JUST how seriously will you allow yourself to take this? Just how cynical is it prudent to be?
    As the introductory 10-minute two-note synth dirge is ruptured by mushroom clouds of dry ice, and the familiar black shades reveal themselves to be wearing Andrew Eldritch, I feel a tinge of self-reproach as I let his bitterness infect my arteries.
    But if doom is discredited these days, its only because of schlock-horror gothcrap cartoons such as Alien Sex Fiend. To laugh at what inspires fear smacks of cowardice and is self-defeating; to confront it head-on, as in the mesmerizing "Gimme Shelter", is a disturbing but rewarding experience.
    The shrieked "Don't - give it away, NO" at the crisis of "Alice", glistening with disgust and resolution, shows that for Eldritch the most searing sickness is that of surrender.
    The Sisters' roots are entwined around Iggy Pop and the Velvet Underground (whence the maniac encore of "Sister Ray" was culled).

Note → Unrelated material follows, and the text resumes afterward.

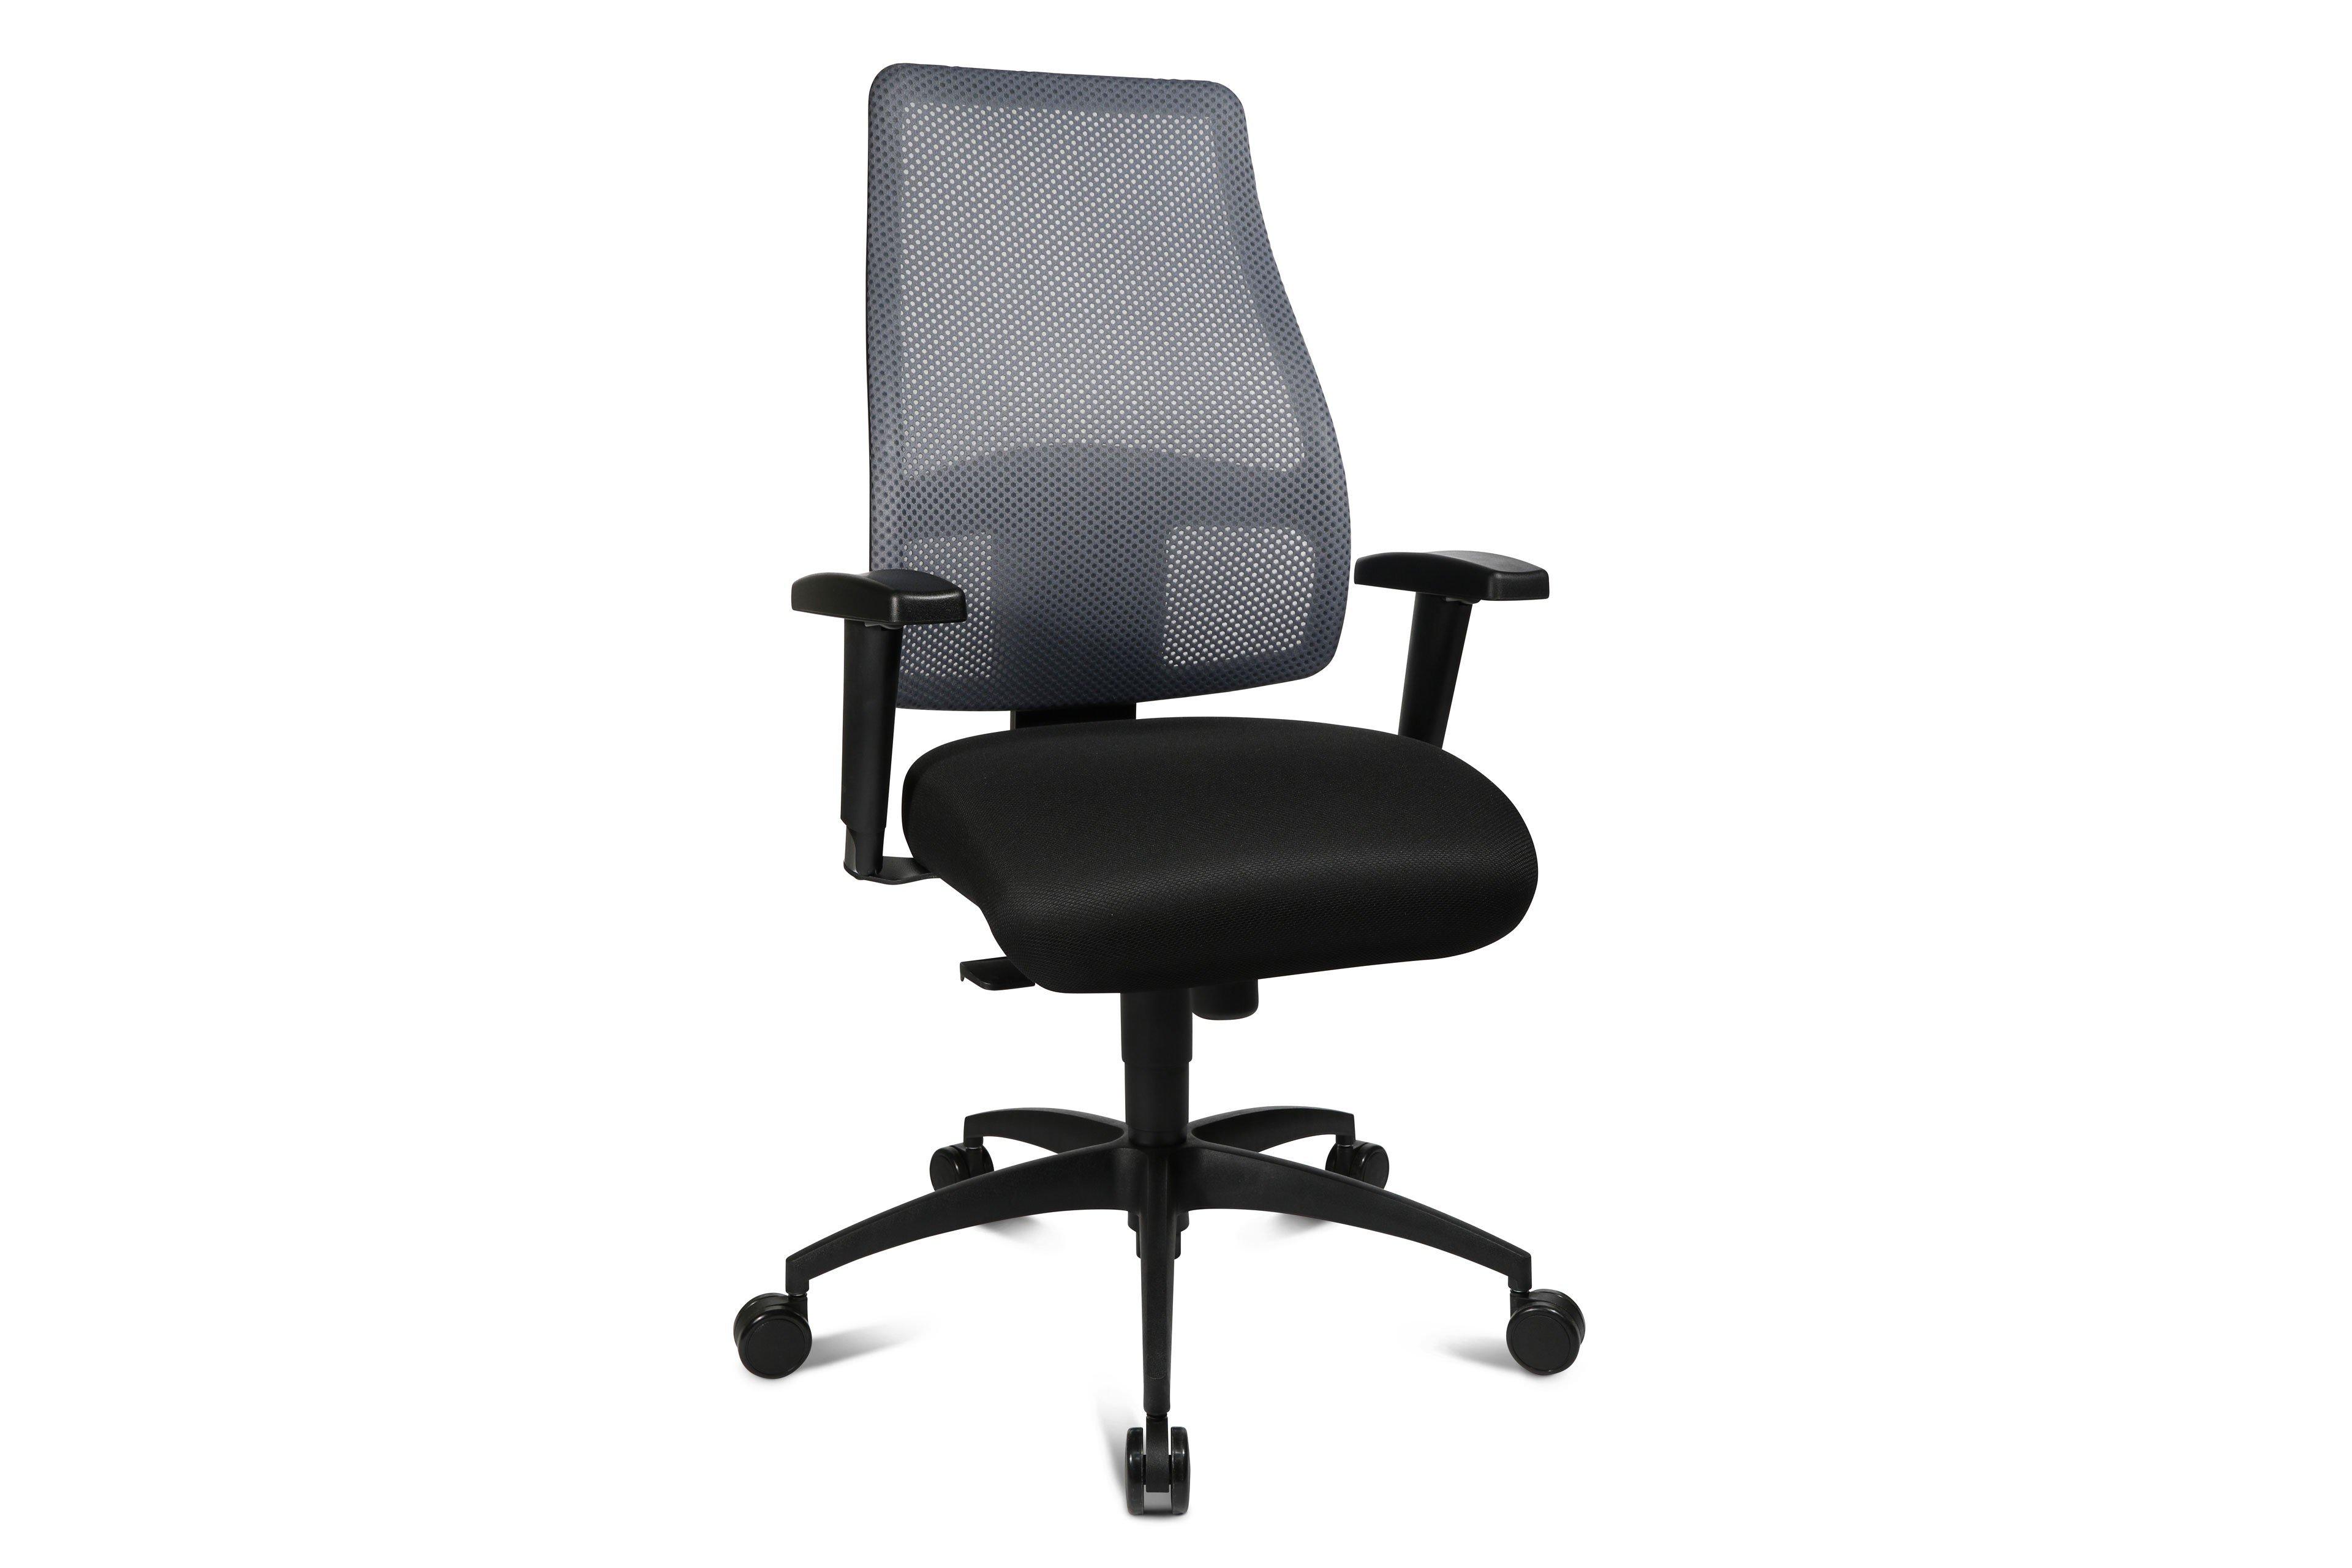 Topstar Drehstuhl Linea Comfort grau/ schwarz   Möbel Letz - Ihr ...

Weeping streams of treble melancholy are haunted by doleful bass structures, curling into each chord change with a despondent irony.
    Three into the set, the newly-released "Walk Away" is warmly received by the students and spikytops half-filling the gymnasium-like Civic Hall - punters are posier than in the dormitory towns in Central London nowadays. The chirpy "Anaconda" lightens the gloom, but the rising guitar crescendoes of "Emmeline" entice the crowd's gleeful agitation, inducing a stunned awe of The Sisters' greatest cover version.
    As the final, pathetic vocal ember of "Gimme Shelter" flickers and dies, the spectacle is over. Perhaps a catharsis needs no rationale, but although the sunglasses detaching themselves from Andrew Eldritch in the dressing room are convinced they have a mission and a message, they must wonder, night after night, precisely what their converts should do with it.